“Who rules Britain? Another Coalition?”


Emeritus Professor Wyn Grant on why Britain is heading for a hung parliament and another coalition. 

By Wyn Grant

Professor Peter Pulzer once stated ‘Class is the basis of British politics, all else is embellishment and detail.’   Of course, there were always voters who deviated from their class affiliation. Without the votes of working class Conservatives, whether instrumental or deferential, the Conservatives would not have been as electorally successful as they were in the 20th century.   There were also a smaller number of middle class Labour voters.

As a generalisation, Pulzer’s comment held true in the 1950s and 1960s and even into the 1970s.   It provided a basis for the two party system and for uniform swing across the nation as a whole.   I recently watched a re-run of the broadcast covering the October 1974 general election and there was a neat symmetry between the national swing and the seats that changed hands. Very few deviated from the general pattern.

Over time, class has eroded as a guide to voting behaviour which is not to say that someone’s economic circumstances are irrelevant to the way in which they vote. However, as class has declined as a socially relevant construct, party identification has declined as well.   The number of voters that can be relied on to turn out for one of the two main parties, election after election, has declined.   As society has become more fragmented, voting choices have become more fragmented. Fewer votes turn out to vote when it is no longer a means of declaring solidarity with a particular social identity.

It is therefore becoming more and more difficult to win an overall majority in a general election. Tony Blair managed to do it in three successive elections by constructing a very broad appeal.

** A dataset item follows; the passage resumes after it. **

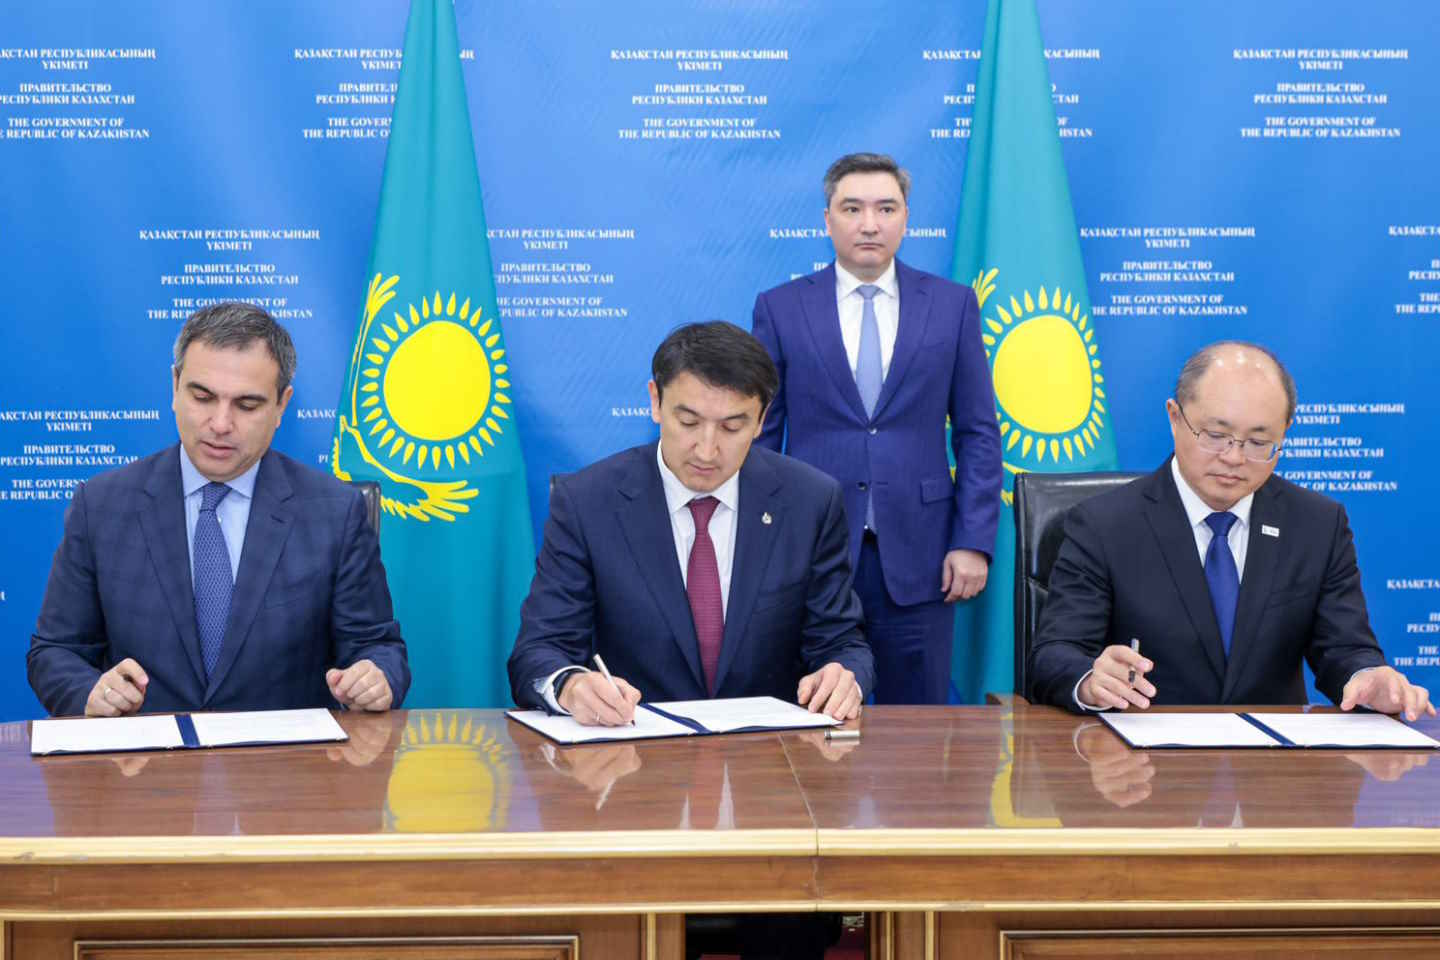 Новости Казахстана / Экономика в Казахстане / Производство полиэтилена хотят запустить в Казахстане
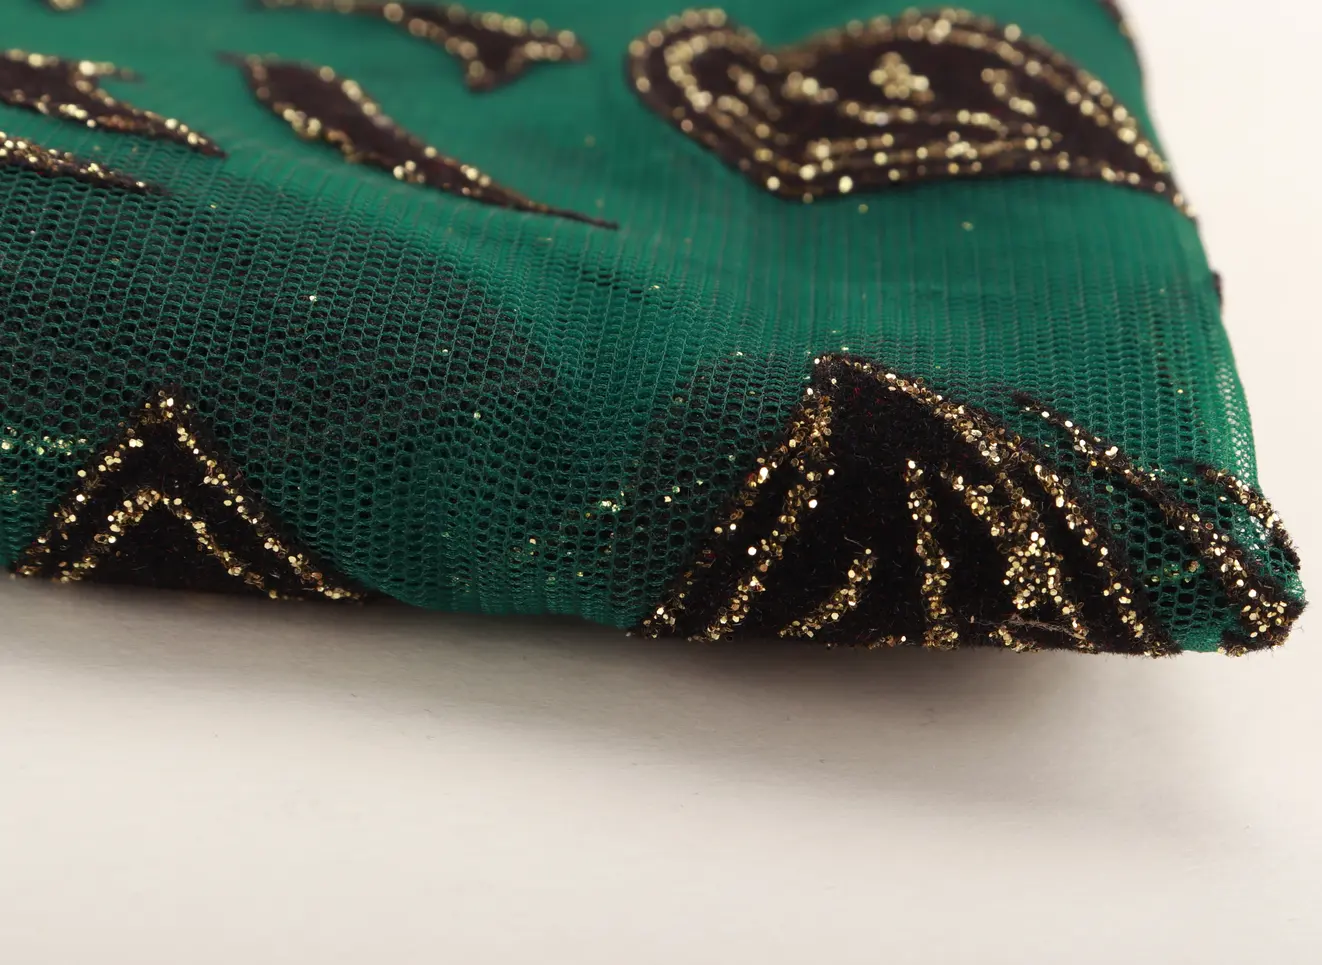 El último diseño de gold-rimmed negro hoja parche verde impreso de tela 100% de poliéster Banquete de boda Vestido de tela

However, the latest figures from Election Forecast UK suggest another hung Parliament in May 2014: Labour 301; Conservatives 270; Liberal Democrats 25; Scottish National Party 21; UKIP, 3; Plaid Cymru, 2; Other, 1 (these figures exclude Northern Ireland).   The distribution of seats could change by the time of the election, but an overall majority for any one party looks unlikely.

It is very likely that uniform national swing will be meaningless in the election, and regional swing won’t offer much of a guide either.   A number of constituencies will see genuine four party contests and this could make results very unpredictable: there will certainly be surprises.   It will be possible to win a seat with just 26 per cent of the vote and, of course, an even smaller share of the electorate.

Three scenarios are possible after the election.   The largest party could seek to govern on its own without any kind of agreement with another party.   There would be reluctance by the opposition parties to vote for a motion of no confidence which would bring down the government and, given their fragmentation, it might be difficult to deliver a majority in favour.   Even if such a result could be contrived, voters would not welcome another election so soon after the last one. The smaller parties might be the most likely to lose seats and therefore would be most cautious about provoking an electoral contest.   It would also probably not resolve anything in terms of producing a clear winner.

The largest party could conclude a ‘confidence and supply’ arrangement with one or more minority parties.   This would not involve any offers of office, but probably some concessions on policy.   The opposition party would then support the Government, or at least not oppose them, on no confidence motions and on passing the budget.

A third possibility is another coalition.   In practice, this is most likely to be a continuation of the existing one between the Conservatives and the Liberal Democrats.   The Nationalist parties and the Northern Ireland parties would be unlikely to enter into such an arrangement.   Some backbench Conservatives might favour a deal with UKIP if this provided sufficient votes, but the Conservative leadership would be opposed.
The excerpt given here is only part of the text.